Я достал свою сумку, расстегнул «молнию» и вынул оттуда полотенце, мыло в коричневой мыльнице, пасту и щетку в зеленом футляре. Очереди не было, и я быстро помылся. Когда я вернулся в купе, на столике уже стоял чай и были разложены всякие припасы, и Верблюдыч, прихлебывая из стакана, говорил что-то другому дядьке, которого я и не заметил раньше.
– Здравствуйте, – сказал я.
– А-а, Саша, – сказал Верблюдыч, – садись-ка.
– Эт-т-та что? – спросил дядька.
Рожа у него была красная, одет он был в полосатую пижаму. У него тоже были усы – не такие, как у Верблюдыча, а маленькие «сопливчики» под носом…
Я сел рядом с Верблюдычем, и он мне подвинул стакан с чаем.

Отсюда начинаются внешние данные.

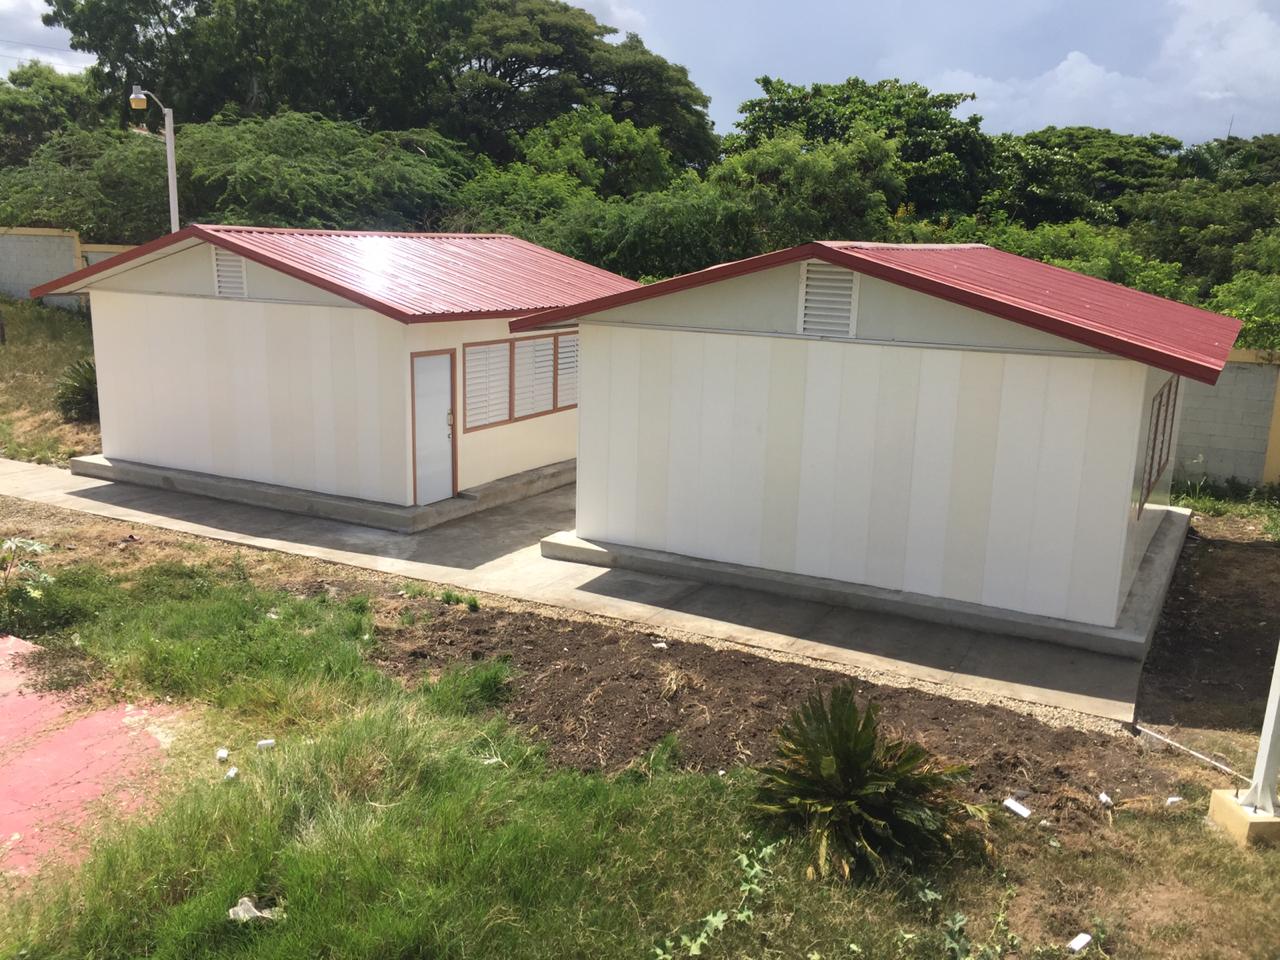 Ministro de Educación dispone alquiler de viviendas en lugares cercanos a escuelas con mayores dificultades de mantenimiento

– Тебя как зовут? – спросил полосатый в пижаме.
– Саша, – сказал я.
– А ты кто? – спросил дядька.
– Физик, – сказал я.
– Химик? – спросил дядька.
– Астробиолог, – сказал я.
– Ну, ладно, ладно, – сказал Верблюдыч, – пей чай, Саша…
– Спасибо, – сказал я.
– Вот они – молодежь, – сказал дядька в пижаме и ткнул в меня пальцем.

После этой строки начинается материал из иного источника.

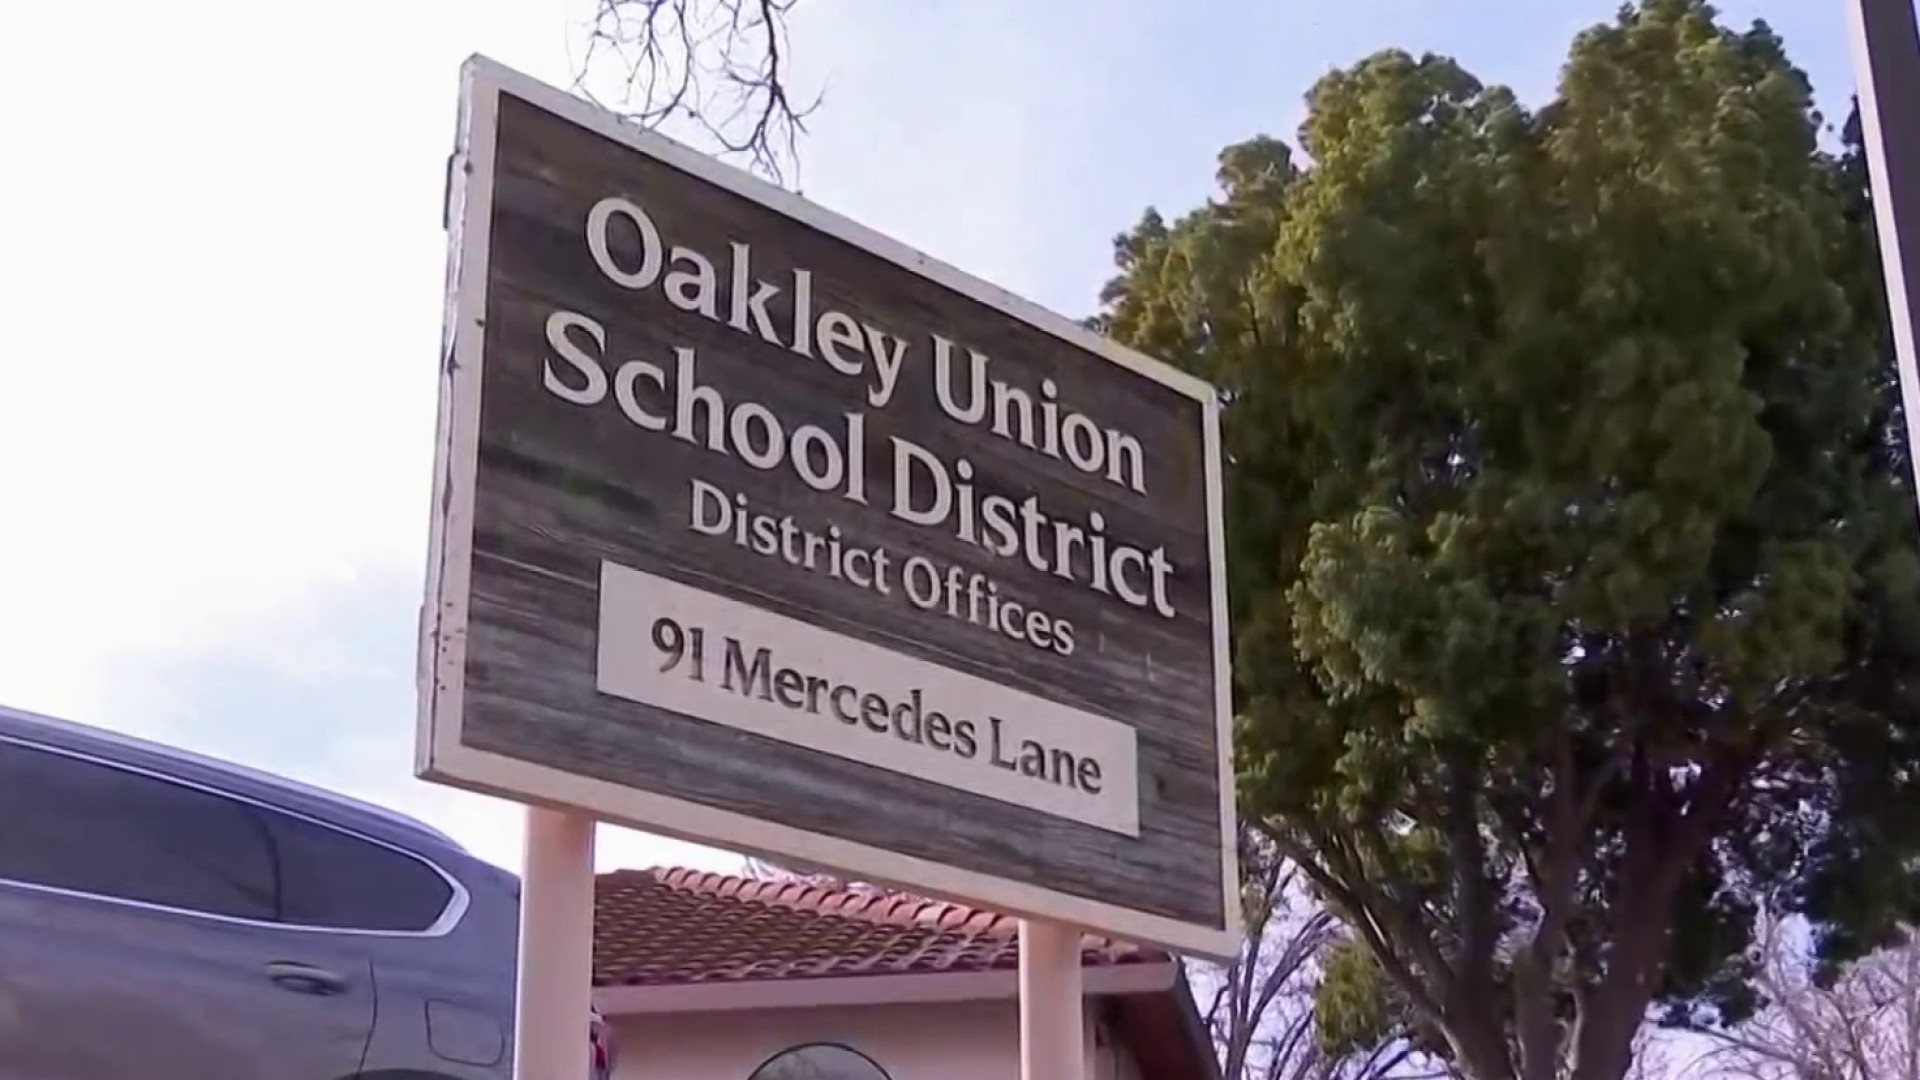 oakley ca school district

– Ну чего «они», – сказал Верблюдыч. – Тебе сколько лет, Саша?
– Шестнадцать, – сказал я.
– Знаем мы, – сказал дядька.
– Шестнадцать, – сказал я.
– Ну что вы, в самом деле, – сказал Верблюдыч.

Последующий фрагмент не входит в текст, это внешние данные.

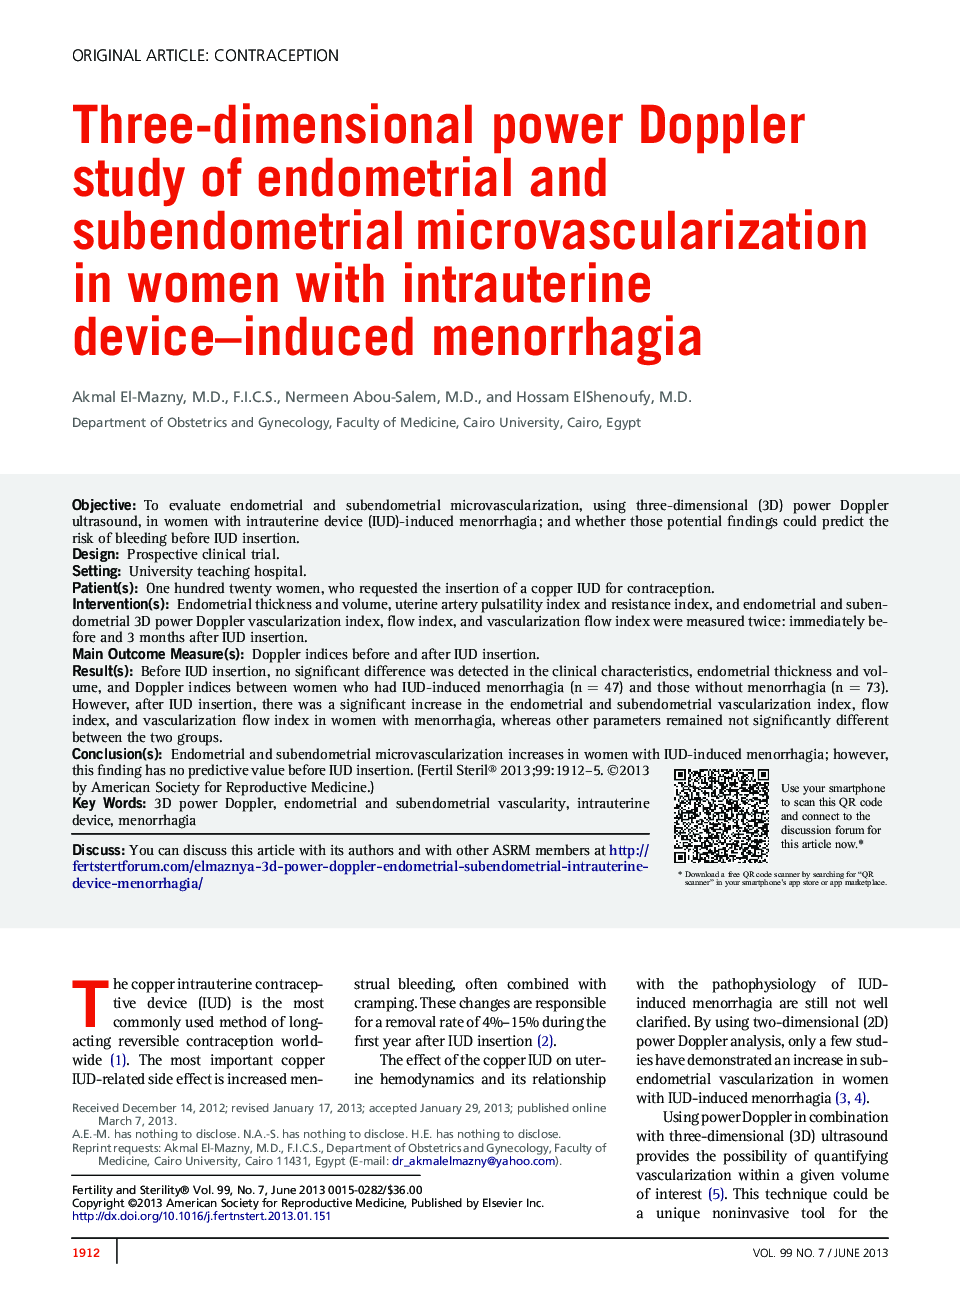 مطالعه دوپلر قدرت سه بعدی در مورد میکرواراسکولاریزاسیون آندومتر و سوندومتر در زنان مبتلا به منوراژی ناشی از دستگاه ادراری

– Я знаю, что я, в самом деле, – сказал дядька в пижаме. – А куда, если не секрет, едете? – спросил он.
– В Иркутск, – сказал я.
– Великолепный город, – сказал Верблюдыч, – я сам оттуда.
– Ага, – сказала «пижама». – А ты что же там – живешь?
– Ага, – сказал я.
– Ага, – сказала «пижама». – Ха-а-роший ты парень…
– Ага, – сказал я.
– Саша, – сказал Верблюдыч, – вы первый раз по этой дороге едете, – я вам хочу красивые места показать.
Мы вышли из купе и стали около окна.
– А к кому вы, если не секрет, едете? – спросил Верблюдыч.
– Секрет, секрет, понимаете, секрет! – чуть не заорал я. – К отцу.
– Великолепно. А он что, там работает?
– Да.
– А где, если…
– Секрет.
– Понимаю. А на какой улице он живет?
Чтоб ты пропал, чтоб вы все провалились, и ты, верблюд несчастный.
Если бы я знал хоть одну какую-нибудь улицу в Иркутске!..
– На улице… Карла Маркса, – сказал я, надеясь, что такая-то улица там наверняка есть.
– Великолепная улица. Главная. А дом?
– Двадцать пять, – сказал я.
У Верблюдыча брови поползли вверх.
– Вы уверены? – осторожно спросил он.
– Уверен, – сказал я в отчаянии.
…Поезд все шел и шел. Стучал-постукивал на стыках и покачивался, и катился далеко-далеко, а я стоял у окна и думал обо всем: о маме, о бате, о Нюрочке – как она там, и о себе, конечно, и мысли эти были не очень веселые, – грустные и непонятные были эти мысли…
– Не сообщить ли в милицию, – сказал однажды дядька в пижаме. Он думал, что я не слышу.
– Что в милицию? – спросил Верблюдыч.
– Насчет пацана, – сказал дядька, – чего-то он подозрительный.
– Странный вы человек, – сказал Верблюдыч.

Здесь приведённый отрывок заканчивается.